The plane $\pi$ of the above proposition is called approximate tangent plane of the measure $\mu$ (cp. with Definition 11.4 of [Si]), but it is related to the geometry of the set $E$ and it generalizes the classical notion of tangent plane for $C^1$ submanifolds of the euclidean space. Indeed it can be proved that $\pi$ coincides with the classical tangent plane of the submanifold $\Gamma_i$ of Proposition 7 at $\mathcal{H}^k$-a.e. $x\in E_i$.

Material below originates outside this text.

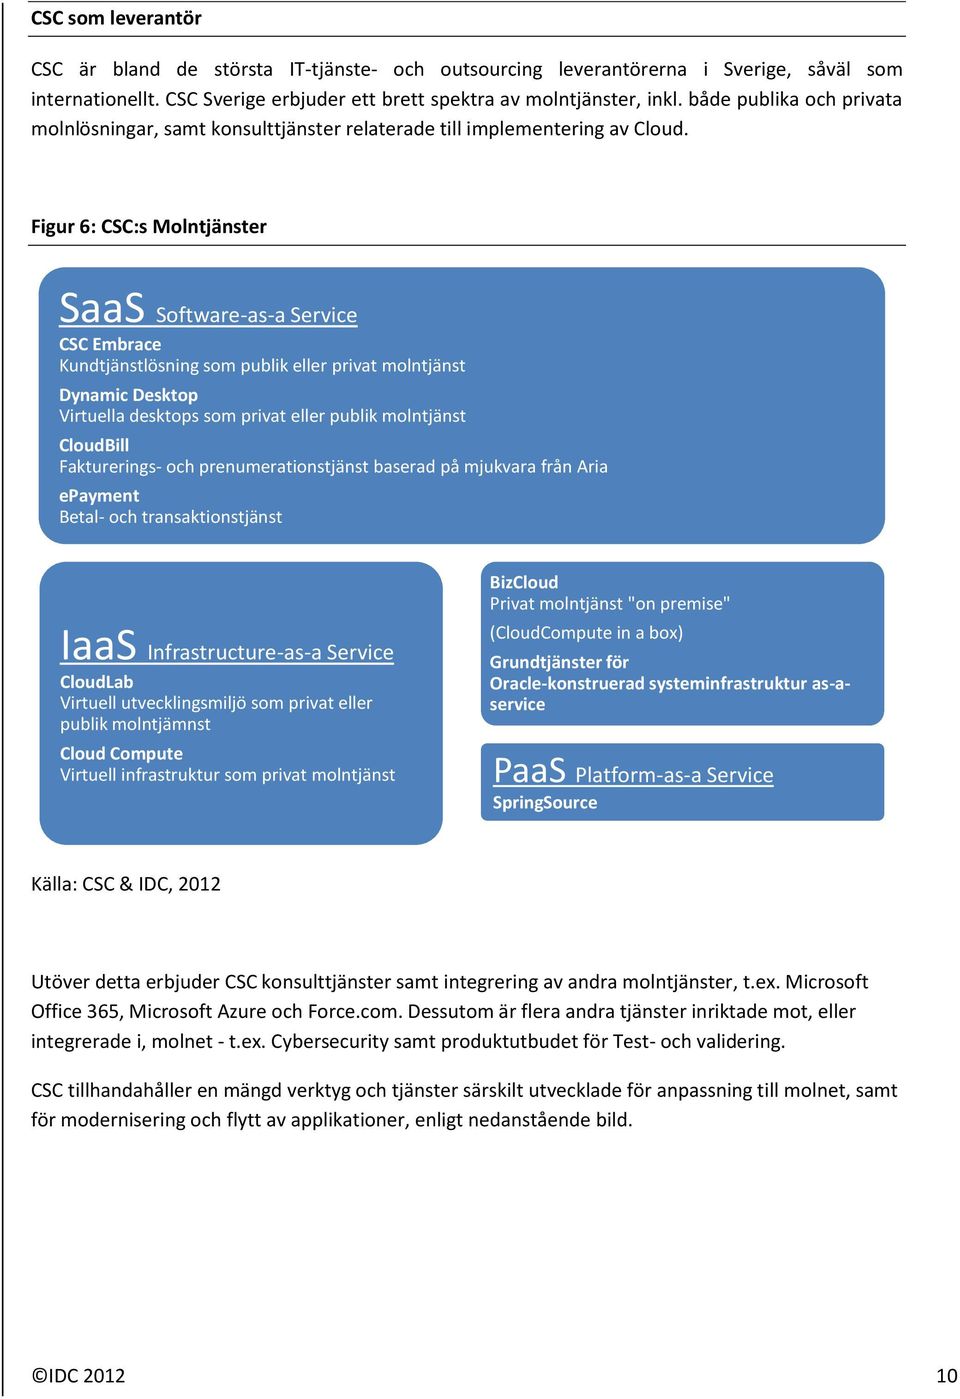 Figur 6: CSC:s Molntjänster SaaS Software-as-a Service CSC Embrace Kundtjänstlösning som publik eller privat molntjänst Dynamic Desktop Virtuella desktops som privat eller publik molntjänst CloudBill

The following converse of Proposition 7 holds (see Theorem 4.8 of [De]):

Theorem 8 Let $\mu$ be a Radon measure on $\mathbb R^n$ and $k$ be an integer. Assume that for $\mu$-a.e. $x\in \mathbb R^n$ there is a positive real $f(x_0)$ and a $k$-dimensional plane such that the measures $\mu_{x,r}$ as in \ref{e:rescaled} converge in the weak$^\star$ topology to the measure $\mu$ of \ref{e:app_tangent} as $r\downarrow 0$. Then $f$ coincides with a Borel function $\mu$-almost everywhere and there is a rectifiable $k$-dimensional set $E$ such that \ref{e:misura} holds.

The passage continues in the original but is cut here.